"In order to ensure that the new millennium now approaching witness a new flourishing of the human spirit, mediated through an authentic culture of freedom, men and women must learn to conquer fear. We must learn not to be afraid, we must rediscover a spirit of hope and a spirit of trust. Hope is not empty optimism springing from a naive confidence that the future will necessarily be better than the past. Hope and trust are the premise of responsible activity and are nurtured in that inner sanctuary of conscience where "man is alone with God" and thus perceives that he is not alone amid the enigmas of existence, for he is surrounded by the love of the Creator" (Address to the Fiftieth General Assembly of the United Nations Organization as quoted on page 14 of Witness To Hope).

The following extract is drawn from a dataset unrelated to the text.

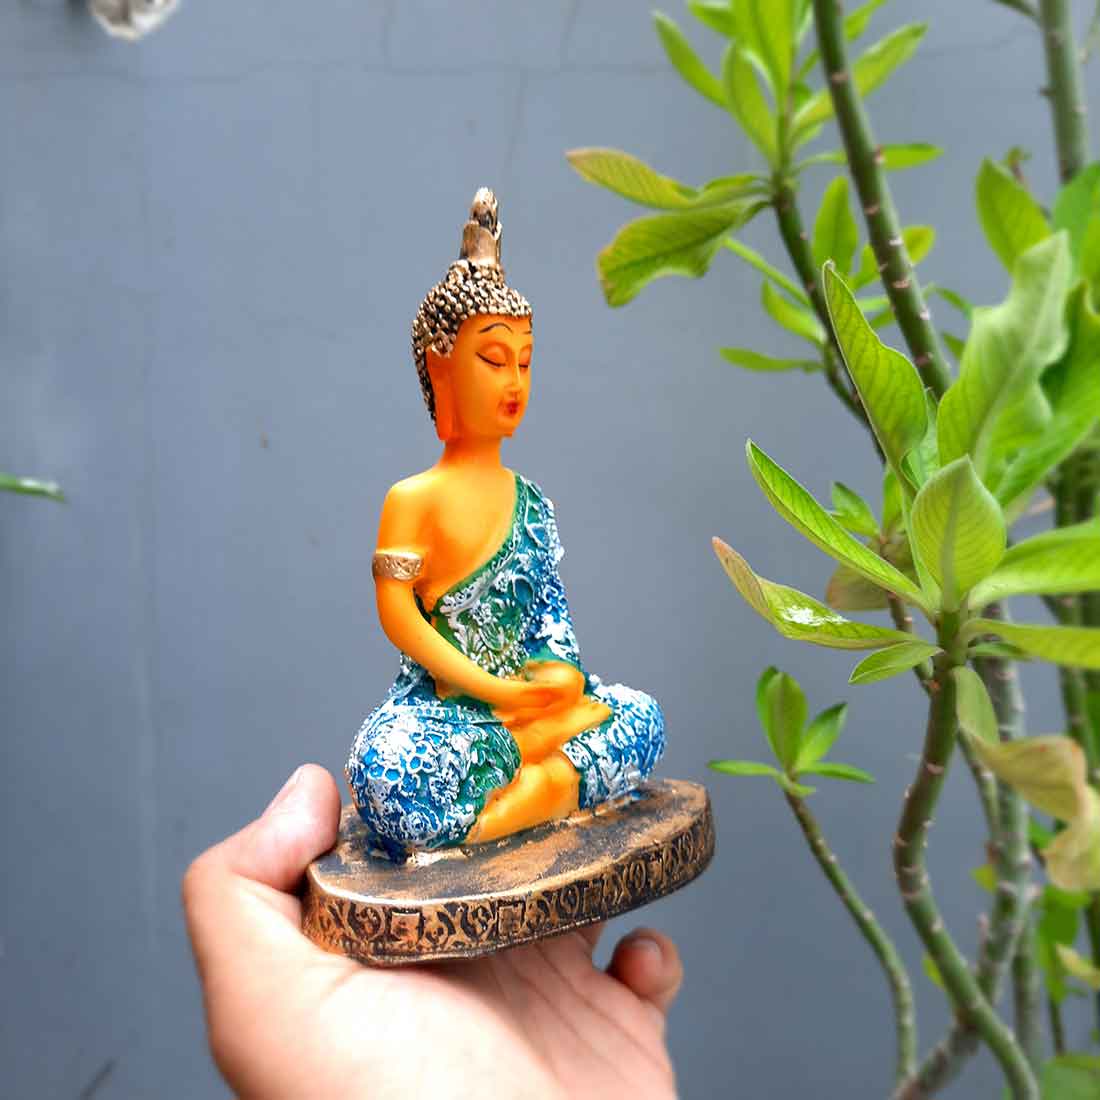 Buddha Showpiece Home Decor -for Home Decor & Spiritual Living - 7 Inch - ApkaMart

Of all the reading for the first week of my class on John Paul II, this is the section that most impressed me. Not with its loftiness but with its concreteness. True, "freedom" and "hope" and "trust" are abstract concepts, perhaps transcendentals. Nonetheless, this short section epitomizes the mission of John Paul II. Overstated? I think of Cardinal Ratzinger's statement "Karol Wojtyla's vocation matured while he was working in a chemical factory, during the horrors of the war and the occupation. He himself described this period of four years in the world of labor as the most decisive period in his life" (Ratzinger, Joseph. John Paul II: My Beloved Predecessor, pages 7-8.). In this workplace, in a life surrounded by extreme fear and despair, I propose that Carol Wojtyla came to hope and trust and freedom in Jesus through the concreteness of his ora et labora in the midst of horrors to which our world has grown numb and blind and deaf.
I have read that there were more martyrs in the twentieth century than all of the preceding combined--perhaps so. However, it is those of us who live through and in the horror of great evil who must decide: is there any substance in the suffering, is there any bottom to the endless falling? The young Carol Wojtyla literally worked through the grieving of the evil around him and found freedom in obeying Jesus, found hope in the death and resurrection of Jesus, found trust that Jesus was in the midst of the suffering around him. From this came his mission: to display the face of Christ, crucified and risen; "... the great aspirations of modernity to freedom and dignity could be realized and lived nobly if men and women rediscovered Jesus Christ as the answer to the question that is every human life--if the men and women of the third millennium could see in the face of Christ, crucified and risen, the deepest truth of their humanity." (WTH, p. xxiii).
In his interior life, nourished by his physical work and his studies, he came to know the truth of Christ: "Be not afraid" (Matthew 14:24). And with that realization he was free to show Jesus to others, to demonstrate "Here, in the death and resurrection of Christ, the deepest truths about human destiny were and are revealed . Here, in the embrace of obedience to God's will, human beings are truly liberated. Here, in the demonstration that death does not have the final word in either our individual stories or in the story of humanity, is the source of a courage that can overcome fear and match, even conquer, worldly power." (WTH, page xx.) He carried out that joyful mission as a priest, a bishop, and a pope, and drew out the heroic life from so many.